The Importance of Data-Driven Decision Making
Battery manufacturing is a complex process that can involve sourcing material, slurry mixing, coating, drying, calendering, slitting, vacuum drying, fabrication (jelly roll winding or stacking), welding, packaging, electrolyte filling, formation, and aging. Each stage generates a vast amount of data that, if harnessed correctly, can provide valuable insights into production efficiency, quality control, and cost management. Data-driven decision making enables manufacturers to make informed choices based on real-time and offline data analytics, leading to improved product quality, reduced production costs, and faster time-to-market.
The impact of data-driven decision making in battery manufacturing is supported by various studies and industry reports. For instance, a study by Siemens and Accenture found that implementing data-driven practices in battery manufacturing can lead to a 10.3% reduction in material scrap rates and a 7.2% increase in machine uptime[1]. Additionally, predictive maintenance enabled by data analytics can reduce energy consumption by 9.3%, translating into significant cost savings and environmental benefits[2].
A typical manufacturing process for lithium ion batteries, including electrode preparation, cell assembly, cell formation and finishing, can produce enormous amounts of data that can only be practically managed with a data analytics solution. Source
Five Challenges Faced by OEMs
OEMs in the battery industry face the following five challenges that can be mitigated through data-driven decision making:
- Quality Control: Variations in raw materials, manufacturing processes, and environmental and ambient conditions can all lead to defects. With common problems such as lack of calibration, welding defects or electrolyte leakage, data analytics can help monitor critical variables in real-time, allowing for immediate adjustments to maintain quality standards.
- Scalability: As the demand for batteries for electric vehicles (EVs) and energy storage continues to grow, OEMs must scale up their production capabilities by either expanding existing facilities or building new gigafactories. Data-driven insights can optimize increasingly complex production processes and harness the wealth of data produced, ensuring scalability without compromising on quality.
- Cost Management: Battery production is capital intensive, with significant costs associated with raw materials, labor, and energy consumption. By analyzing production data, OEMs can identify areas where costs can be reduced, particularly with minimizing material waste and improving energy efficiency.
- Supply Chain Management: The battery supply chain is complex and global, involving multiple suppliers and logistics providers. Data analytics can enhance supply chain visibility, enabling OEMs to track raw materials, manage inventory levels, and predict potential disruptions.
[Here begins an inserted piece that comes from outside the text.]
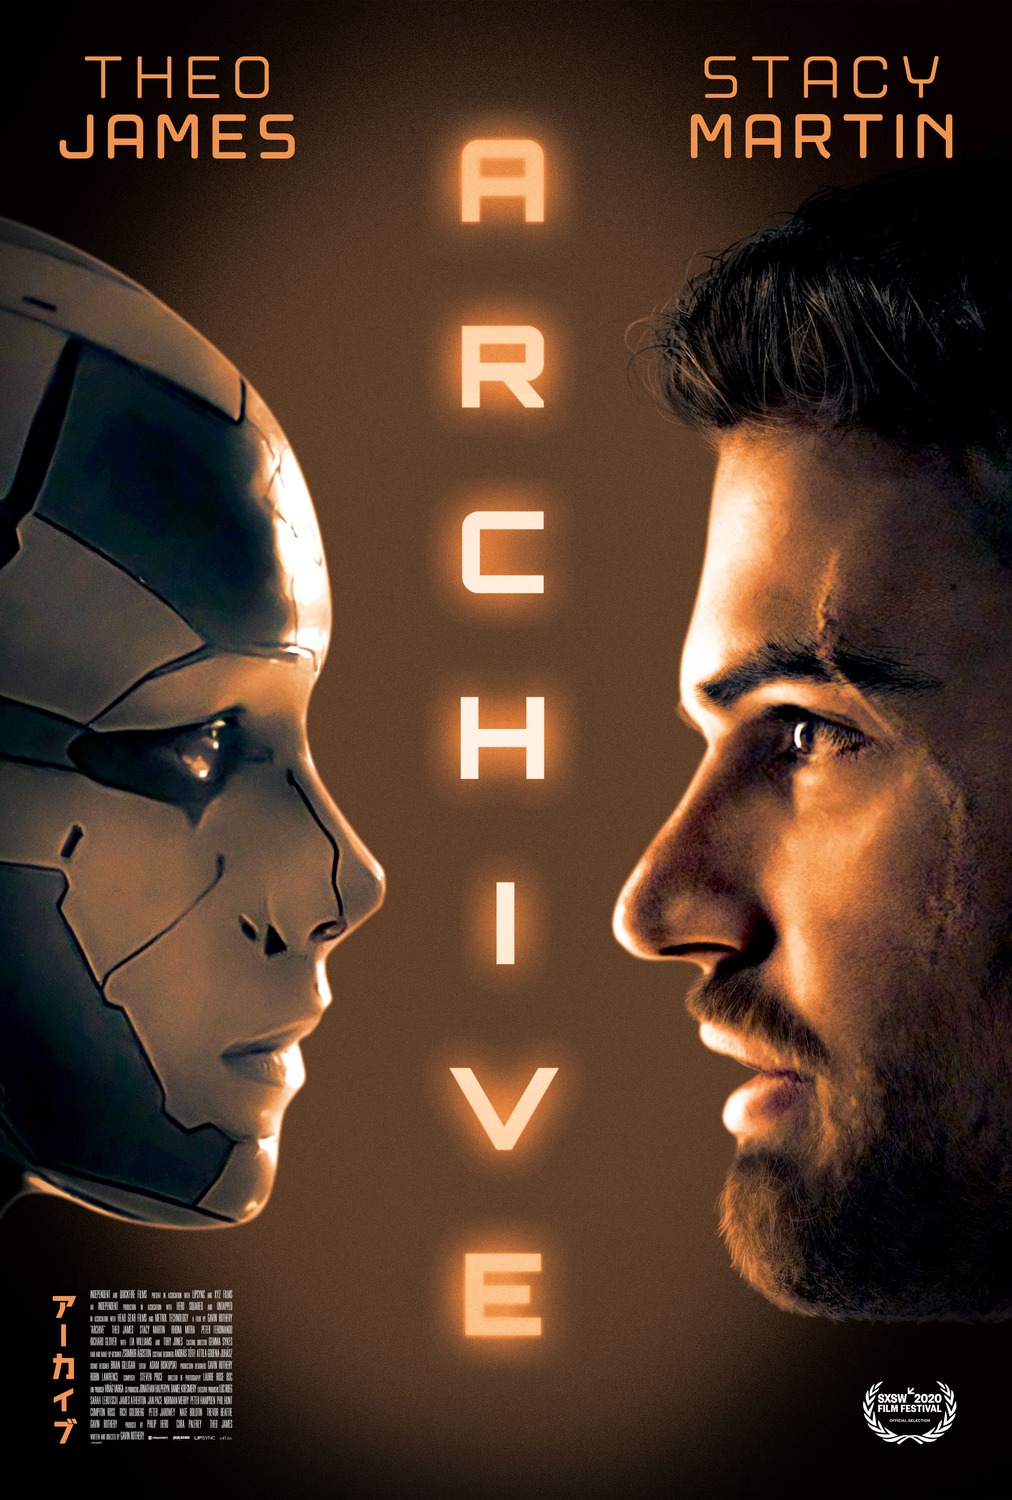 Archive Artificial intelligence Movie

- Regulatory Compliance: OEM’s must adhere to stringent environmental and safety regulations, for example with the Battery Passport. This digital tool, mandated by the EU Battery Regulation (2023/1542), provides a comprehensive digital ledger that tracks a battery’s lifecycle from raw material sourcing to recycling (4). Data analytics plays a critical role in enabling this technology.
Addressing the Challenges with Peaxy Build
Peaxy Build is a comprehensive software platform designed to tackle the multifaceted challenges faced by battery manufacturers. One of its standout features is the “manufacturing traveler” capability, which is a data threading solution that captures critical data at each step of the manufacturing process and ensures that every aspect of production is meticulously documented and analyzed, thus providing a robust foundation for data-driven decision making. Here’s how it can specifically address the five key challenges battery OEM’s face.
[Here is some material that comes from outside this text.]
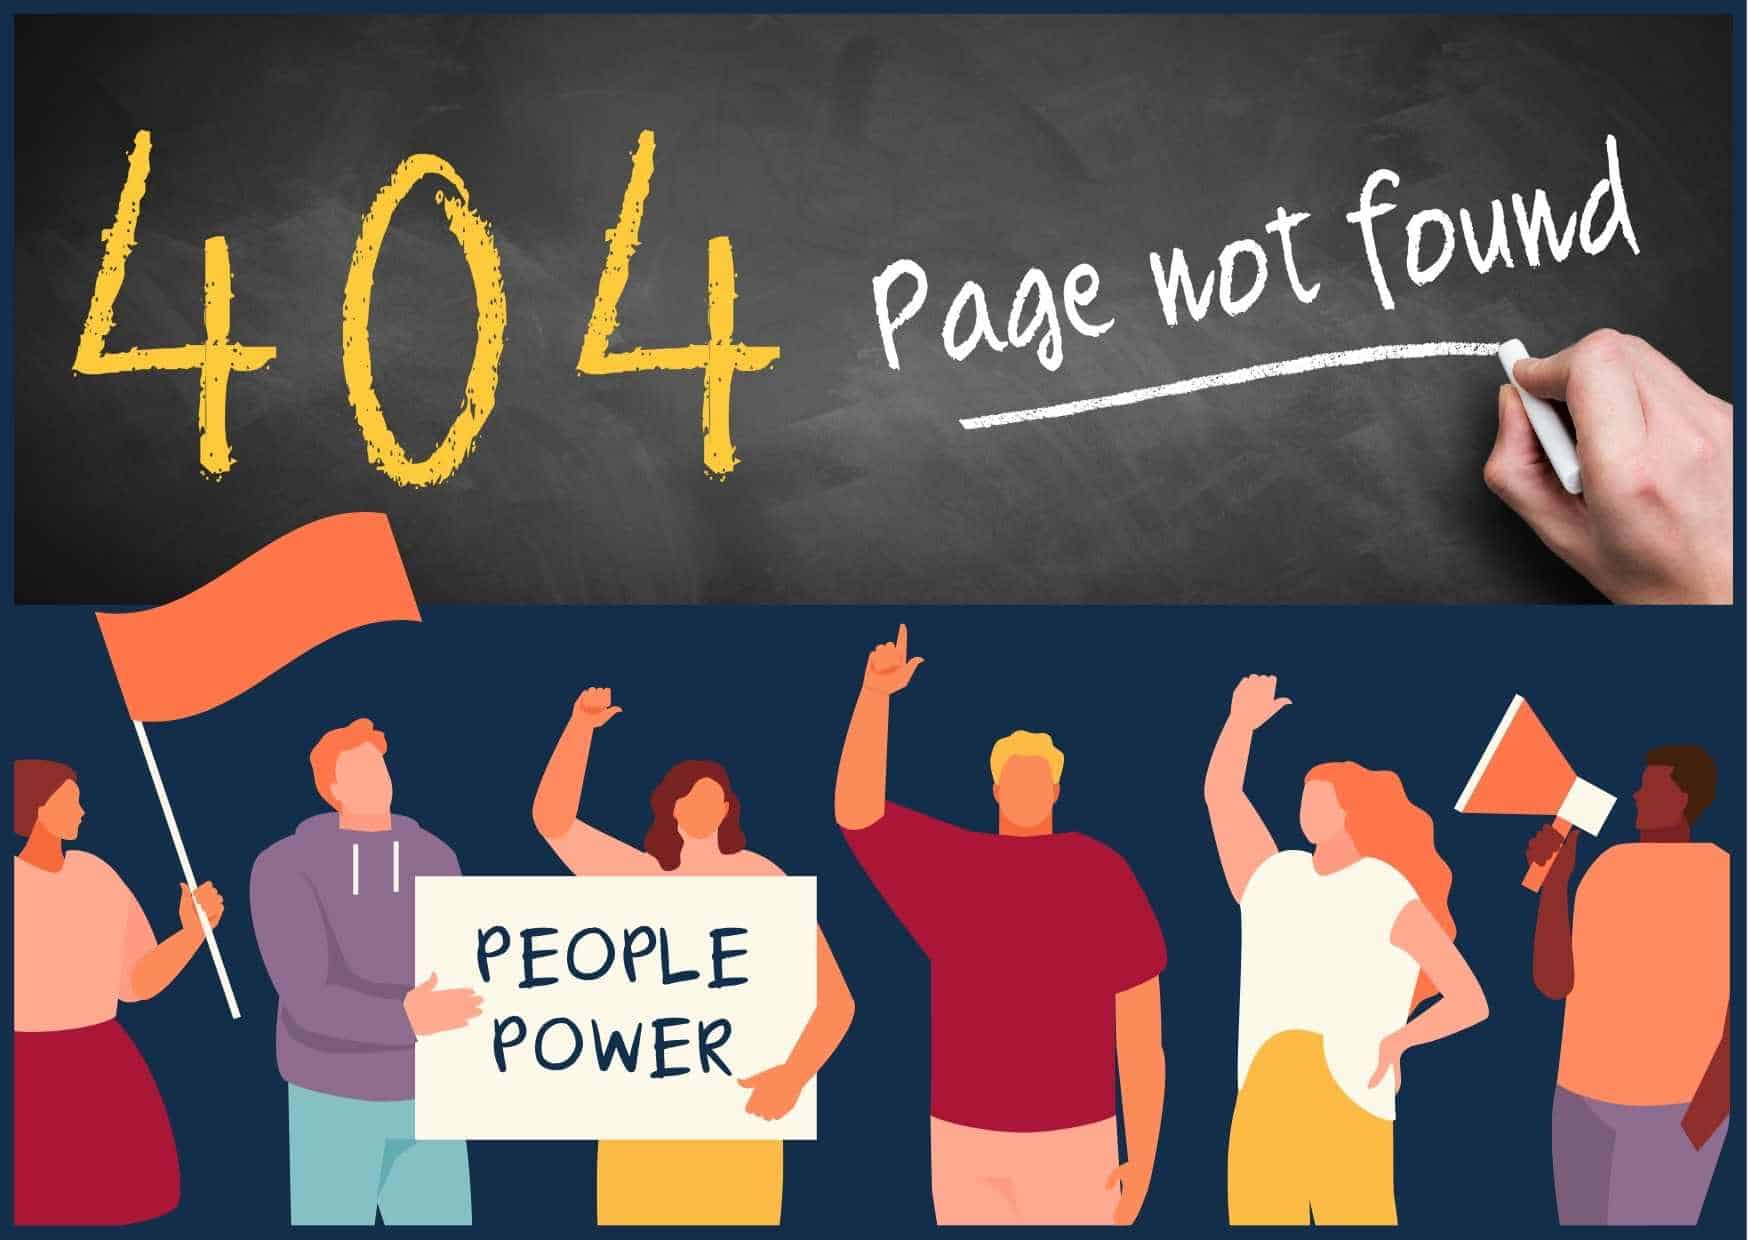 404 page not found message being written on a blackboard. A row of illustrated people are pointing up to the 404 message. They are holding up their hands in fists. One has a banner that reads People power, one has a loudspeaker and one is holding a banner.

Enhanced Quality Control: Peaxy Build’s advanced analytics capabilities allow manufacturers to monitor many different production variables. They can also track critical quality KPIs such as production yield, battery cycle life, battery charge time, energy density per cell, manufacturing cost per unit and others.
By capturing data from each step of the manufacturing process comparing as specified to as built (i.e. metrology including AI enabled scanning electron microscope (SEM) analytics) and performance (i.e. performance changes during formation cycles) through the manufacturing traveler, Peaxy Build not only anticipates potential issues but also empowers battery manufacturers with the ability to address them proactively through real-time insights. These viewpoints would be otherwise impossible with valuable data trapped in silos, proprietary or outdated systems, and even handwritten forms. Continuous real-time monitoring is the key to consistent quality, ultimately leading to a reduced scrap rate and fewer warranty claims.
Optimized Scalability: As the demand for batteries grows, manufacturers need to scale up their operations efficiently. Peaxy Build provides data-driven insights by collecting and threading the manufacturing data. A major benefit of this is the ability to monitor in-line manufacturing metrics as a lead indicator of a cell’s characteristics. By leveraging the significant amount of historic data collected at key processes such as during formation, and utilizing a machine learning tool such as Peaxy Predict, algorithms can be created and updated to provide an early indication of the cell’s quality and performance – critical in scaling up any operation.
Cost Efficiency: Reducing production costs is a key priority for any manufacturer. Peaxy Build helps achieve this by identifying inefficiencies and areas for improvement. For example, an analytics solution can capture data on material usage, energy consumption, and labor efficiency, providing a comprehensive view of the costs involved in the entire span of the production process. By analyzing this data, manufacturers can pinpoint areas where costs can be reduced, including material and process optimization, energy efficiency, and yield improvement. An added benefit is more sustainable production practices in line with net zero initiatives.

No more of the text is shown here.